Alden Jones: I knew I would connect with Wild. That was part of why I’d put off reading it in the first place. When I was nineteen, I spent 85 days in the wilderness in a group of twelve people. We hiked, climbed, caved, and canoed in North Carolina, Tennessee, and Florida, and spent a month in Mexico, where we ultimately climbed the 17,400-foot volcano Iztaccíhuatl. It was an incredibly fertile and fluctuating time emotionally. I experienced some immense changes during that time, and it has remained a touchstone experience for all these years. So, when I first saw that powerfully familiar hiking boot on the cover of a memoir about hiking, I was knocked back with nostalgia. I knew that once I opened the book and entered the story I’d be shunted right back into that time and my young, chaotic mind.
But I wasn’t concerned with “liking” or “not liking” the book or the writer. Strayed’s essay “The Love of My Life” has long been one of my favorite essays to teach, and from that and other essays she published prior to Wild. I already admired Strayed’s voice, specifically her crystalline articulation of grief and her controlled persona. I was curious about what Wild could teach me about writing the wilderness narrative, and what had made Wild such a powerful story to both those who cared about hiking and those who did not. The primary interest was craft.
MB: Has your feeling for “Love of my Life” changed since reading Wild?
AJ: Like all long-haul creative writing teachers, I have a stable of short works I teach over and over because they isolate or showcase different elements of craft: Denis Johnson’s “Emergency” for dialogue and chronology; Jamaica Kincaid’s “Girl” for second person and style; ZZ Packer’s “Brownies” for traditional plotting; Robert Hass’s “A Story about the Body” for efficiency; and Strayed’s “The Love of My Life,” which I consider a master class in dual persona. Strayed divides her persona into the young, promiscuous, heroin-using wreck she was after her mother’s death and the wise teacher of life she became later on in life. By moving back and forth in perspective this way, Strayed manages to be forthcoming about what she considers her “bad” behavior in her early 20s, and articulate the pain that fueled it, with utter control.
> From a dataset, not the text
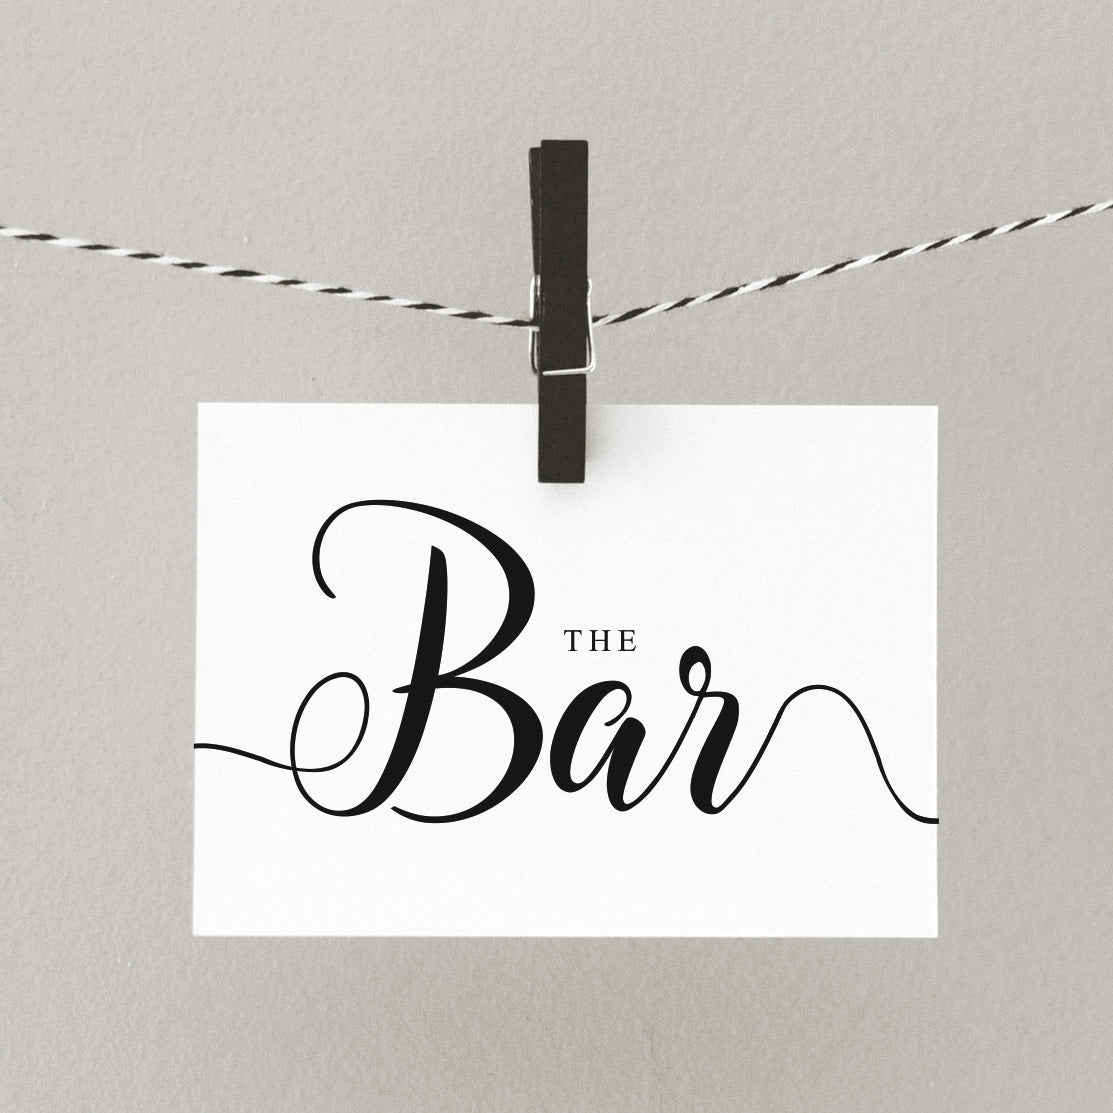 The bar elegant wedding signage digital download

It’s a powerful example of a memoirist owning their past self and reveals that honesty and self-awareness—rather than immaculate behavior—determine a memoir persona’s so-called likeability. This persona carries over into Wild, though it is a softer iteration of the persona in her earlier essays.
MB: What advice do you have for writers working on structure?
AJ: My first creative writing workshops were as an undergraduate at Brown University, where the dominant sentiment was Down With Tradition in all its forms. Which meant that during my formative years as a writer I didn’t even understand that a story or essay was supposed to have “a structure” or what traditional structure might look like. And I was always reading crazy shit. I think this was actually a pretty good way to learn how to write—I’d been relying on intuition for so long that when I finally arrived in a classroom with a teacher who believed in teaching the so-called backwards checkmark model I was like, “Oh! I see. I am supposed to organize all this information and language I’ve collected.” Maybe this is why I don’t teach craft books very often, even though The Wanting Was a Wilderness itself is a craft book of sorts—I think they are great for supplementing the knowledge you earn by writing and reading, but not necessarily what I’d recommend as a starting point for someone interested in learning the conventions of structure. You should start by reading in the genre in which you are writing—a lot.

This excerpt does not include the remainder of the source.